Je réalise tout à coup que ça fait aussi dix minutes que je n’ai plus pensé à Marylin, Lawford ou Clemmons. Tomber sur ce type pas pressé, complètement décontracté, en paix avec le monde et avec lui-même, heureux de me parler de sa voiture et de sa petite amie, de me raconter les trois jours —il avait pris un jour de congé en plus du week-end — qu’il vient de passer à Laguna Beach, ça m’a fait oublier mes ennuis. Nous avons roulé heureux dans la fournaise, à cent à l’heure, cheveux au vent, dans une belle voiture américaine rouge et blanche, sans souci du passé, sans crainte de l’avenir, et maintenant, je l’écoute en buvant un Coke, détendu, presque reposé, me raconter sa vie. Bien sûr, Tom et moi ne sommes pas des amis ; je ne suis qu’un stoppeur et lui un ride de passage. Au crépuscule, il me déposera quelque part sur le bord de la route et je redeviendrai le fuyard sans argent, méfiant, désorienté et détenteur d’un secret effrayant. Mais pour le moment, j’ai lâché prise et, comme disait mon père, je laisse flotter les rubans. Ça fait du bien.
— Et toi ?
— Moi ?
Je ne m’attendais plus à cette question. Elle me ramène brutalement à la réalité et, dans la seconde, je prends sur la tête un grand coup de fatigue, presque de désespoir. La détente que je m’étais autorisée avec Tom, cette conversation à sens unique où je n’avais rien d’autre à dire que des Ah oui ? et des Vraiment ?, cette parenthèse où je n’avais rien à craindre ni rien à cacher, tout cela avait fait tomber mes défenses. Un bref instant, j’ai été tenté d’ouvrir les vannes, de lui dire la vérité : « Voilà, je suis un étudiant français en voyage aux USA et j’ai des problèmes avec la police. Hier soir… » Ce serait tellement moins fatiguant. Alors : « Voilà, Tom. Je suis un étudiant français en voyage aux USA… Tout allait bien jusqu’à hier soir à Santa Monica, et puis… » Et puis, non. Je n’allais pas lui dire ça. C’était trop dangereux. Je ne le connaissais pas, Tom. Il pourrait ne pas vouloir être mêlé à quoi que ce soit et me planter là, dans ce diner. Il pourrait même appeler la police. Je ne sais pas pourquoi il ferait ça, mais il pourrait. Je ne pouvais pas risquer ça. Et puis, j’avais encore besoin de lui.
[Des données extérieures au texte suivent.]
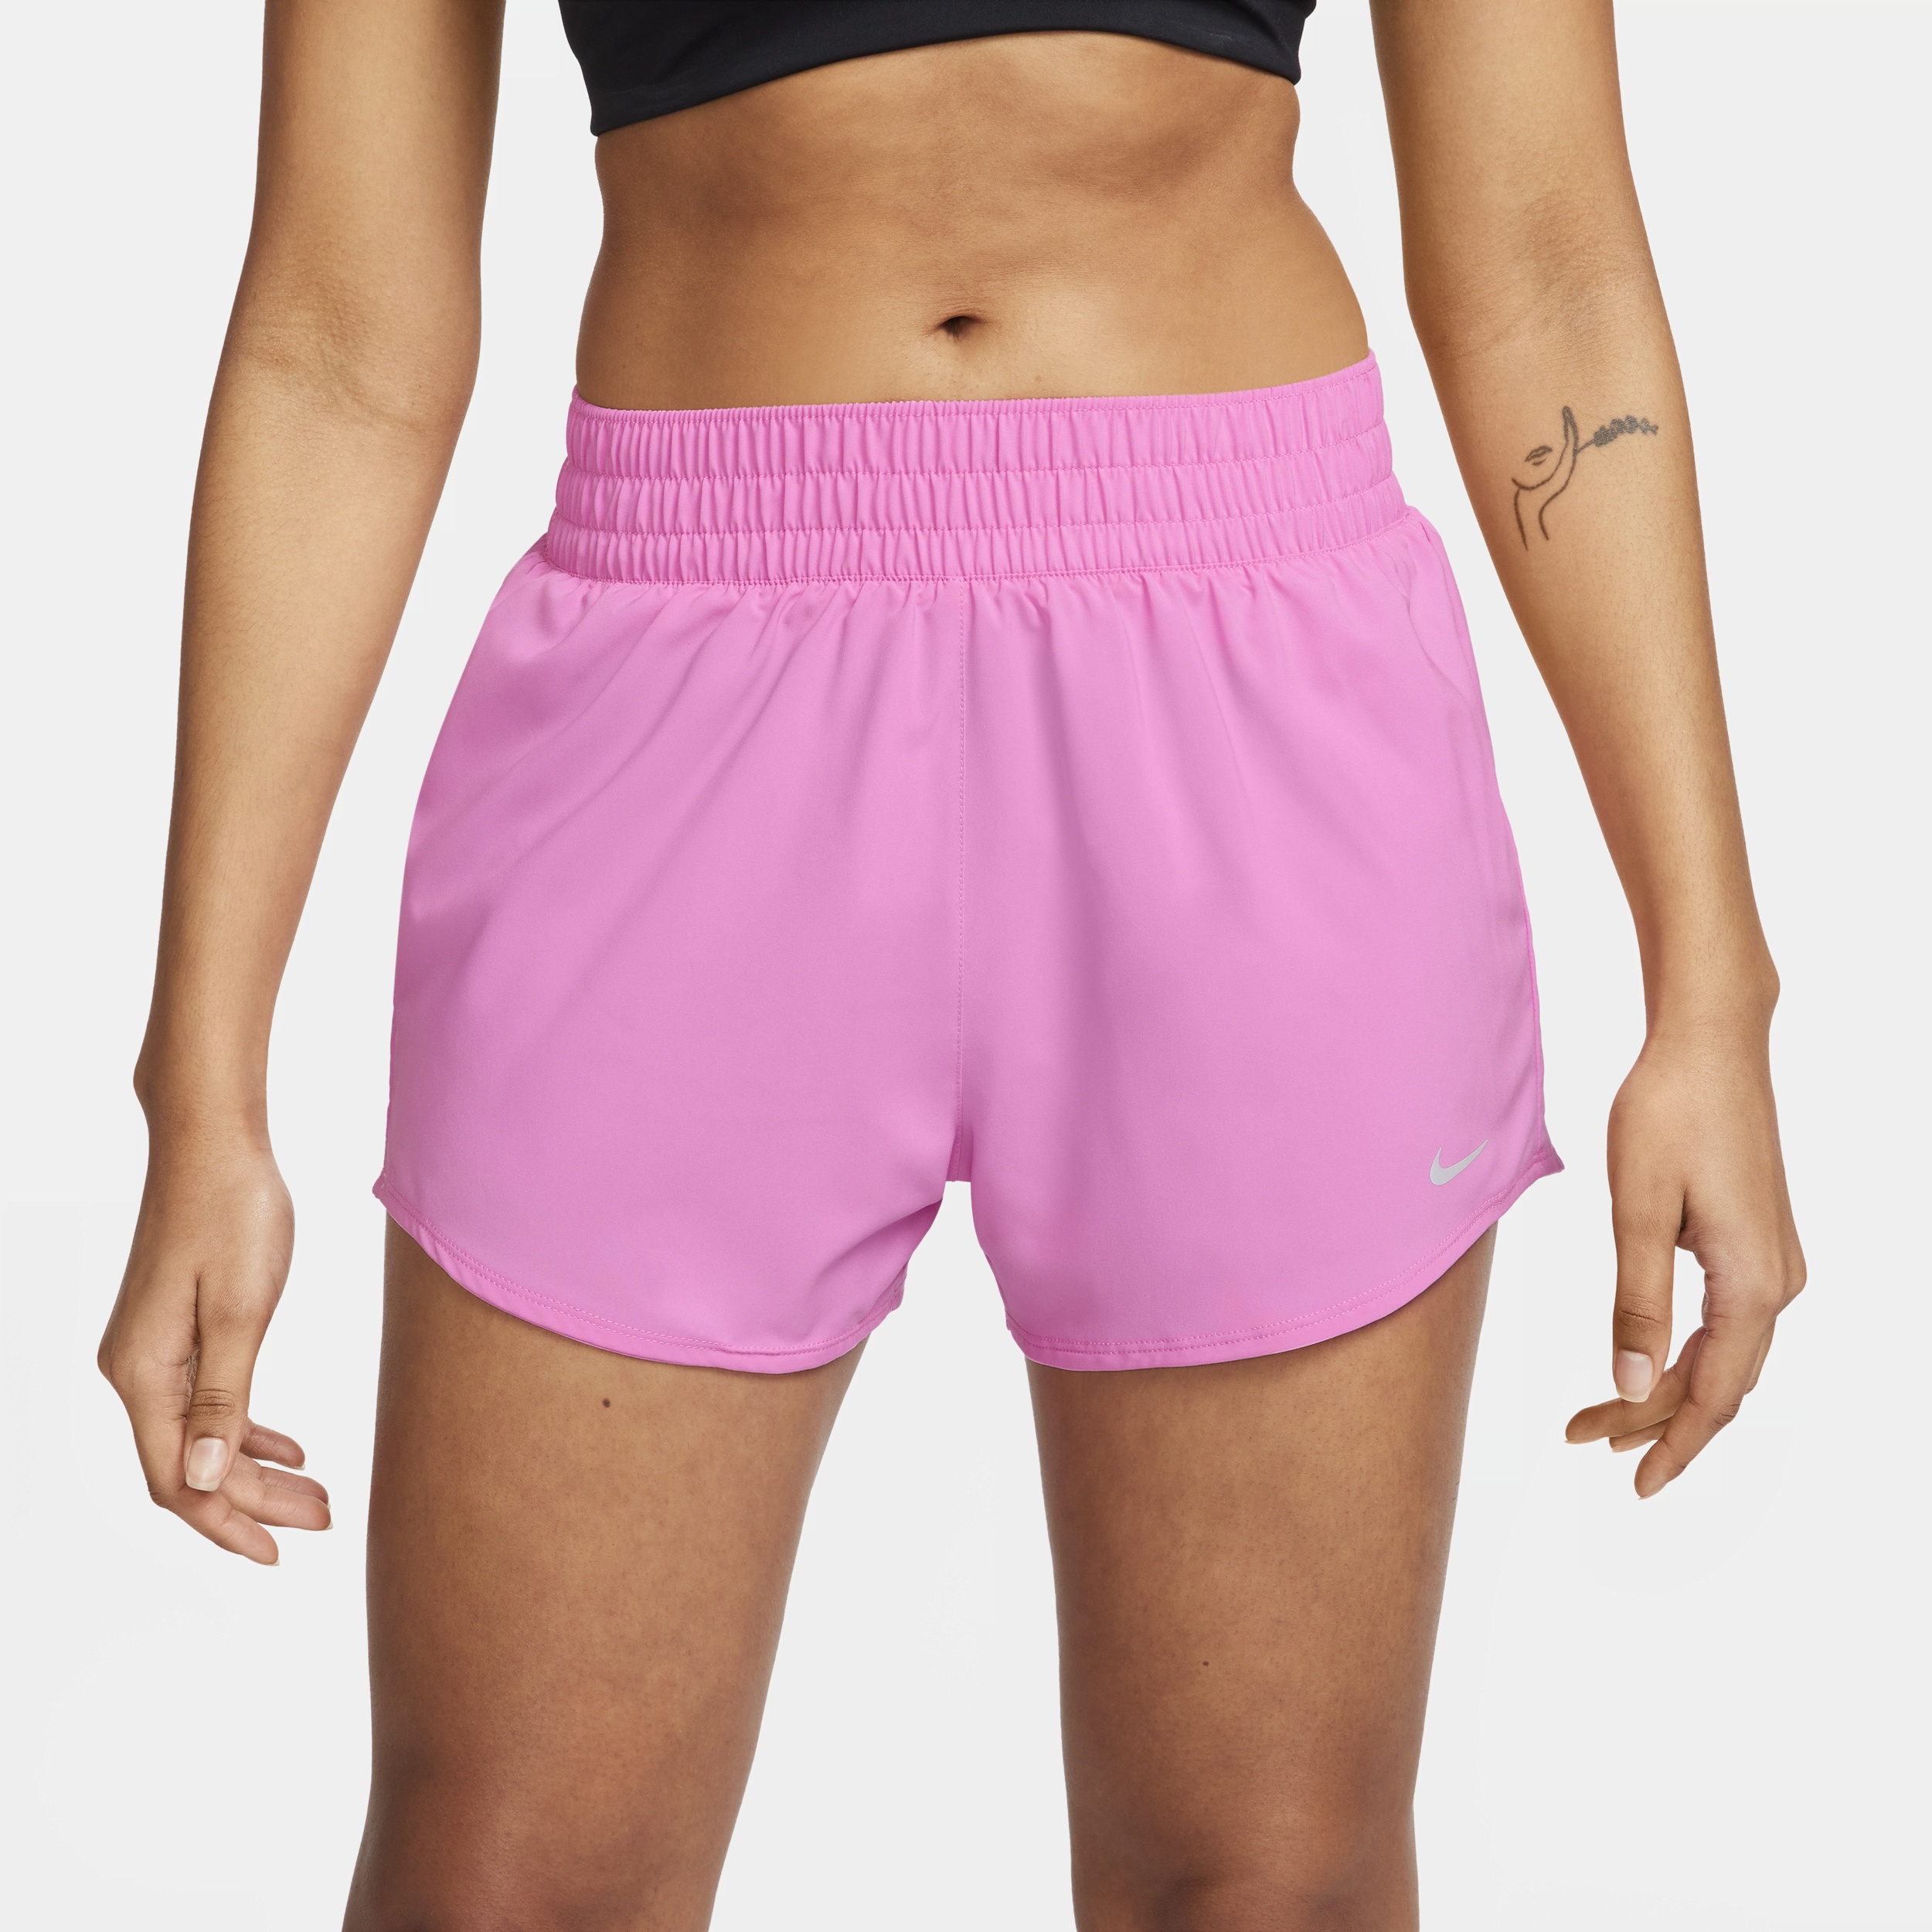 Nike Women's One Dri-FIT High-Waisted 3" Brief-Lined Shorts - 2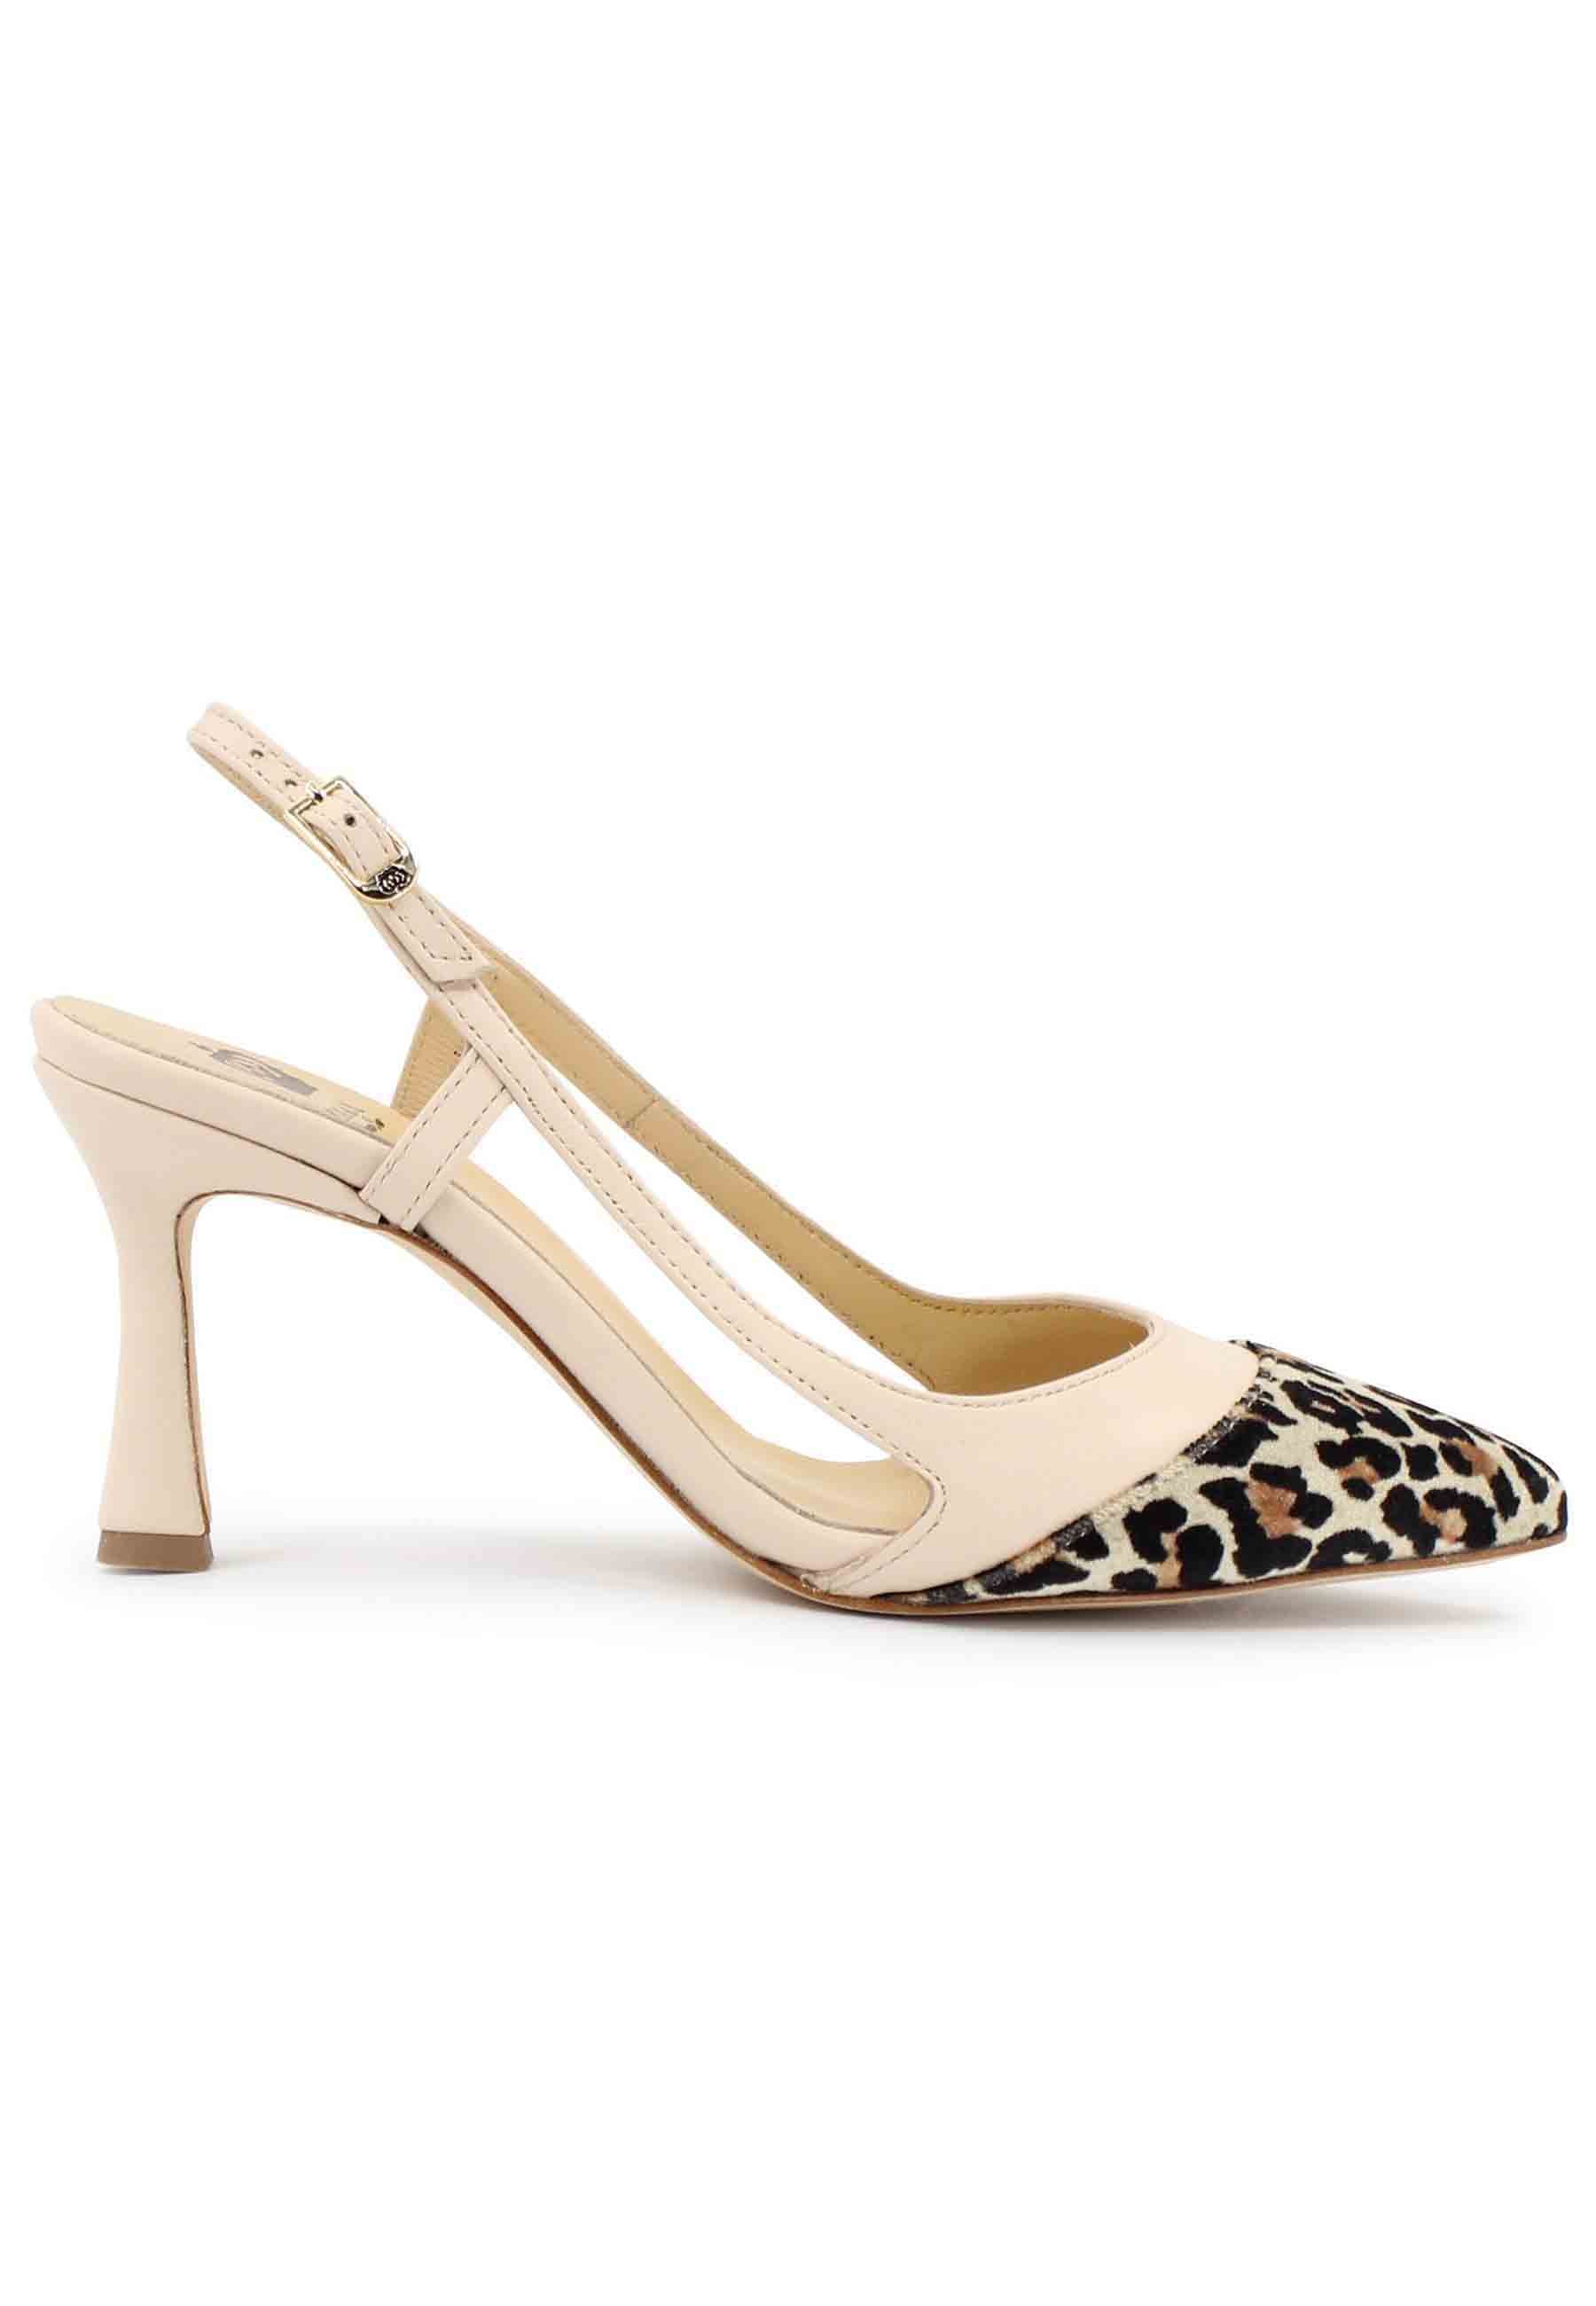 Women's slingback pumps in beige leather and high heel animalier fabric

J’avais pressenti qu’il pourrait bien m’inviter à dormir chez lui. Ce serait toujours ça de gagné. Parce que je n’avais toujours que vingt dollars en poche, moi, et un sacré parcours à faire ! Je le savais parce que tout à l’heure, dans sa voiture, j’avais déplié une carte de la côte Ouest. Dans un coin, il y avait un tableau des distances : Bakersfield-Seattle : 1059 miles ! Seattle- Vancouver : 155 miles ! 1200 miles au total, près de 2000 kilomètres en tout. Ce n’est pas le moment de me faire lâcher dans ce diner perdu.